白芨想,凌月婵可能真的有点不舒服。回了城,得催她去看大夫才是。

喻红叶在一边看得实在是有趣。要是没事,他能在这儿看一整天。只可惜,他还有别的事要做。

喻红叶的脸色微妙地冷了下来。“我先去收收东西,几位慢聊。”他浑不在意地掸了掸被姑娘们扔脏了的衣服,转身向外走去。

他很快走到了走廊的尽头,推开了尽头的大门。

刺心钩一直站在大殿的门口。因为喻红叶的动作,他下意识地向尽头看了一眼,紧接着,就骤然僵在了原地。

尽头的大门敞开,然后阖起。

从他的角度,刚好能透过那一刻的敞开,看到门后的那个城隍庙。

清清楚楚。

刺心钩愣了好一会儿。

等回过神来时,瞬息之间,他已经到了尽头的门口,猛地推开了门。

随着大门敞开,破落的城隍庙出现在他的面前。

时光流转。那一刹那,仿佛一切都回到了从前。

仿佛陷入了最真实的幻境。

仿佛梦境终于成真。

只要推开那扇门,就能看到她。

看到她温柔的笑脸。

像是受到了海妖的蛊惑一般,刺心钩失神地,一步一步,慢慢地,走上前去。

他缓缓地推开了庙门。

门后,有她……

门后,有她。

刺心钩呆愣愣地,看着城隍庙中间的棺材。

啊,是啊。

是啊,是这样的。

是这样的……

门后,真的有她。

刺心钩站在原地。

刺心钩掉下眼泪来。

喻红叶懒懒地靠在墙上,冷冰冰地看着刺心钩。他脸上挂着笑容,彻头彻尾恶意的笑容。

“怎么样?”喻红叶道,“见到阿姐了,开心吧。”

下一刻,寒气骤袭——

澎湃的杀意,震得周围的东西哗啦作响。

尖锐的杀气,几乎能划破人的肌肤。

闪着寒光的钩子,瞬间横在了喻红叶的脖颈之前。

“你——”刺心钩周身带着惊人的戾气,“你竟将阿姐的尸骨挖了出来!”

“那又如何。”喻红叶冷冷地看着他。

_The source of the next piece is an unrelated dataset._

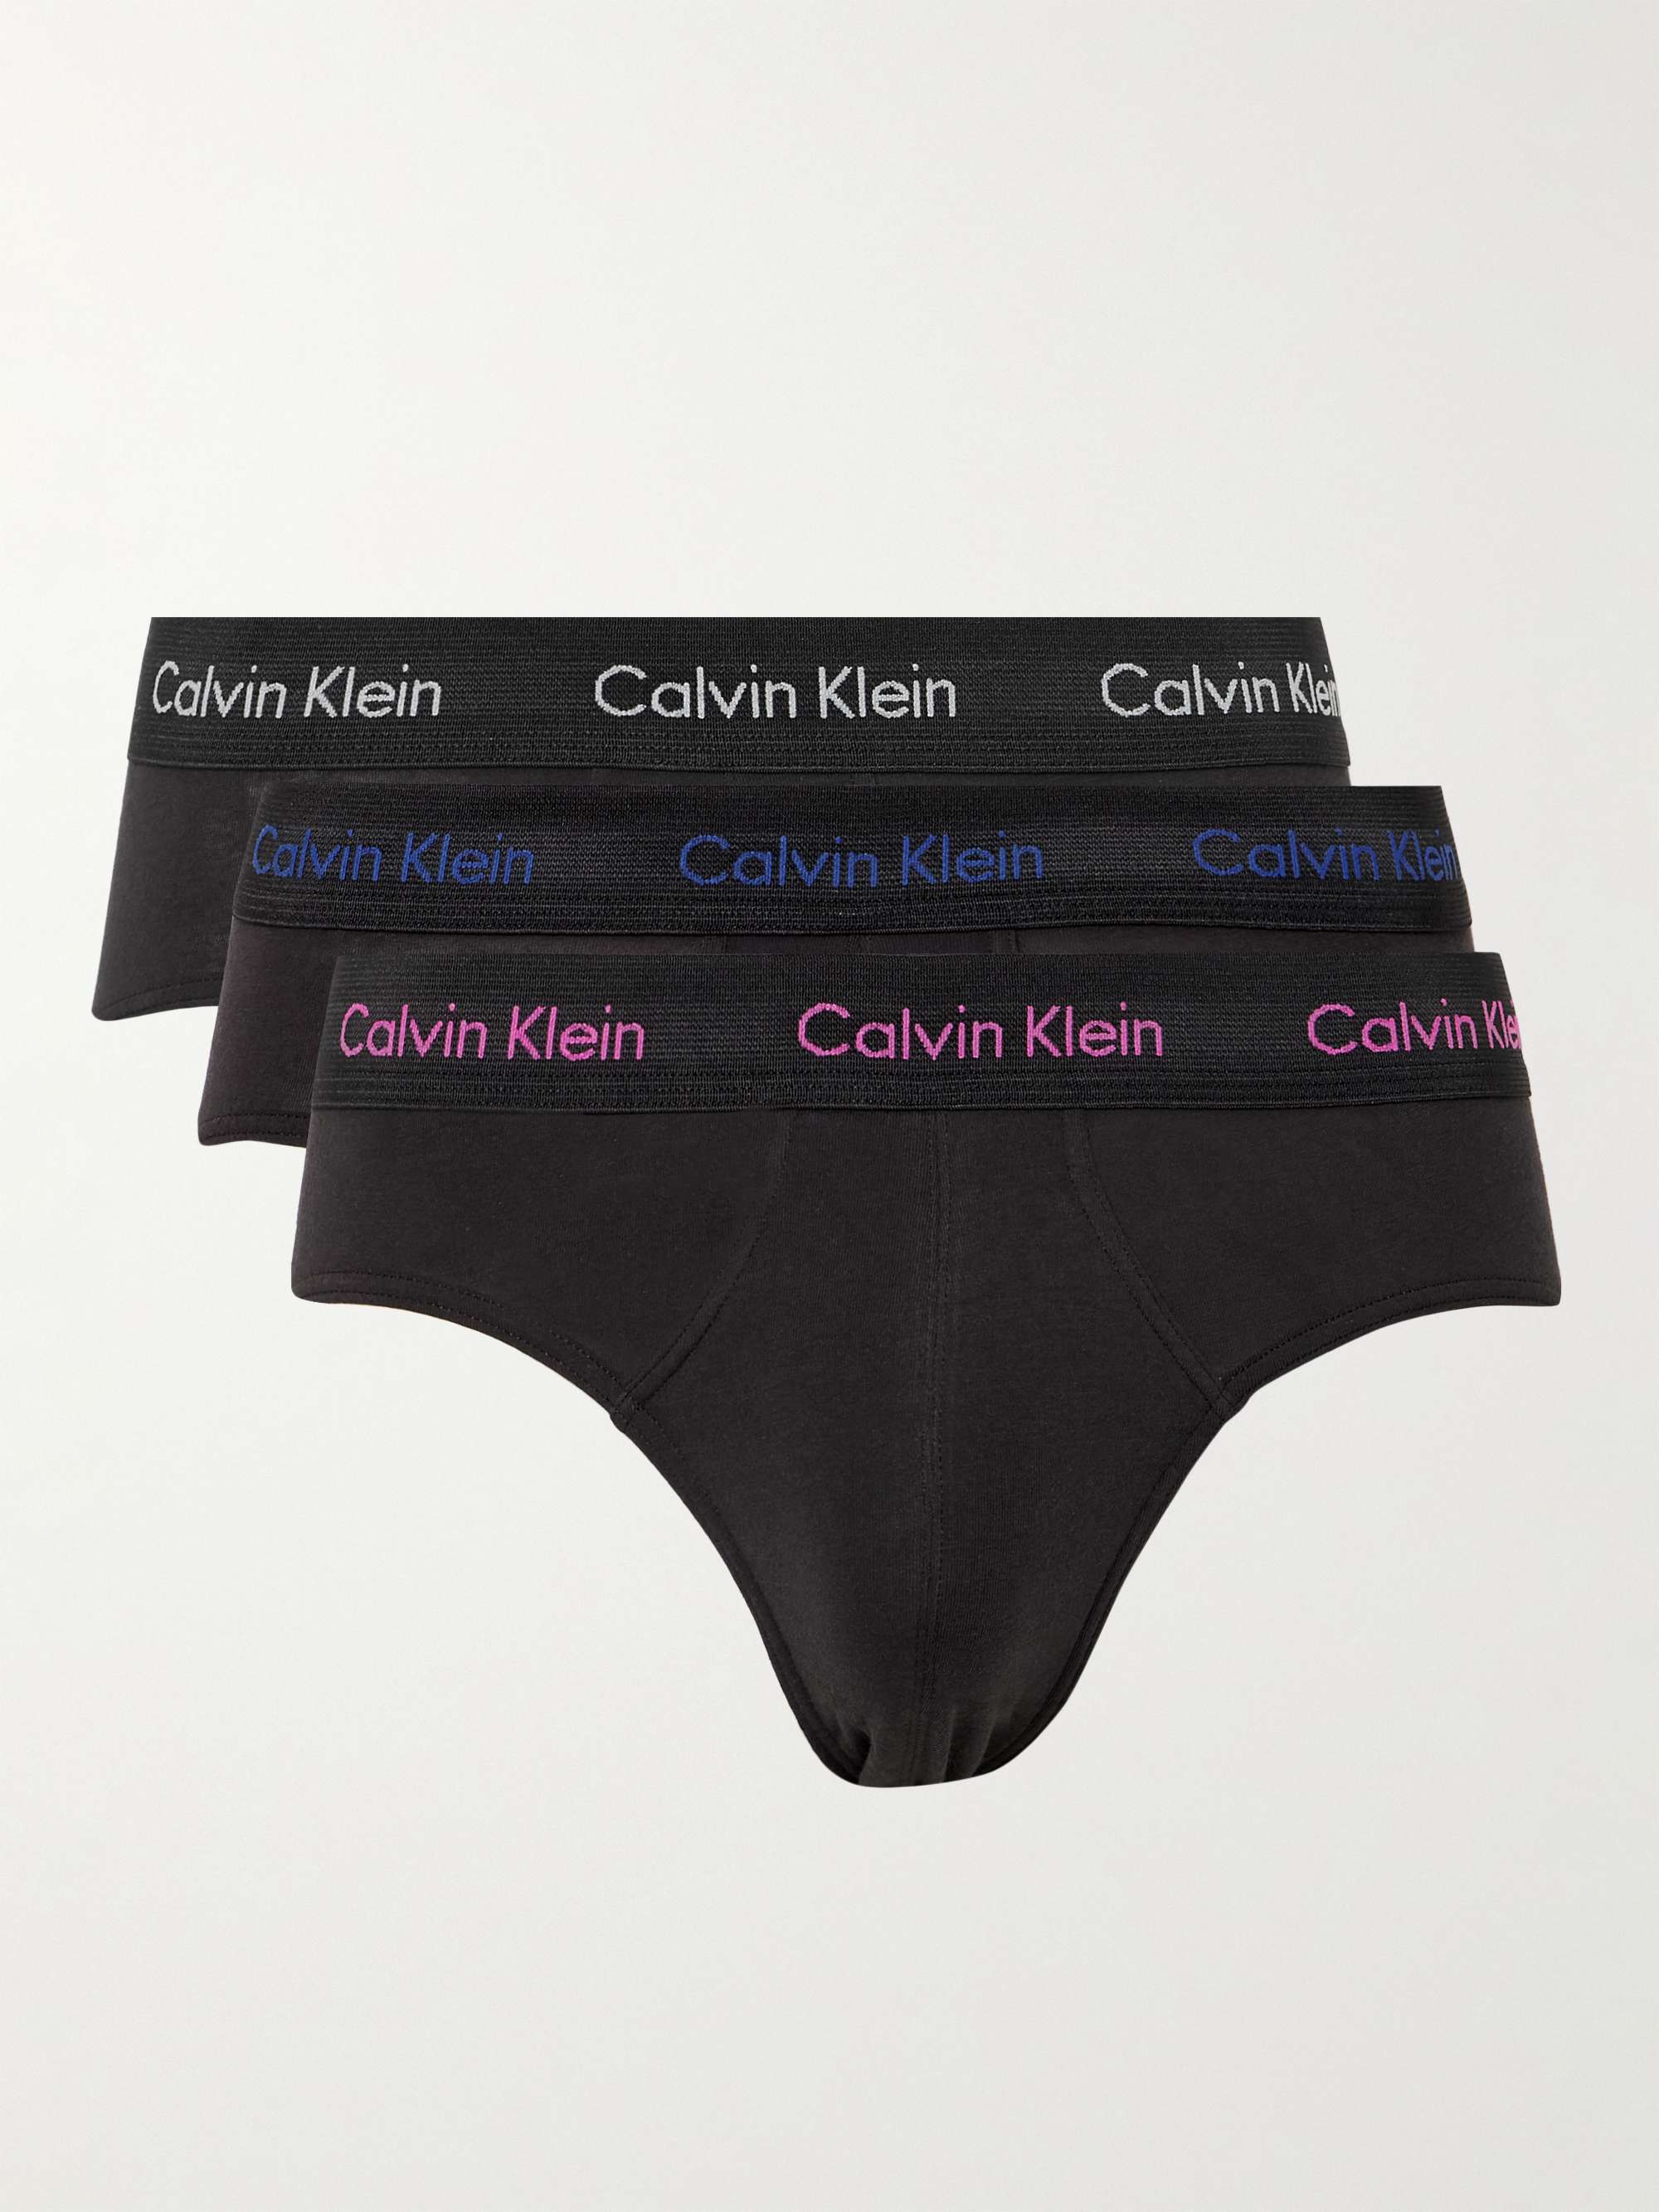 Calvin Klein 4-pack Hip Stretch Knit Briefs in Black for Men

瞬息之间,他忽然用力揪住刺心钩的衣领,骤然爆发,一把将刺心钩按到了墙上,吼道:“那又如何!你他妈!可是让她!变成尸骨了呢!”

刺心钩睁大了眼睛。

刺心钩忽然失去了力气。

喻红叶却嫌不够,死死地揪着他的衣领,怒吼道:“不是说会护好她吗?你他妈就是这么护的?有你没你有差吗?没你她自己都能跑!有你!有你她还要护着你!你他妈!她是为了护着你!她是为了护着你!”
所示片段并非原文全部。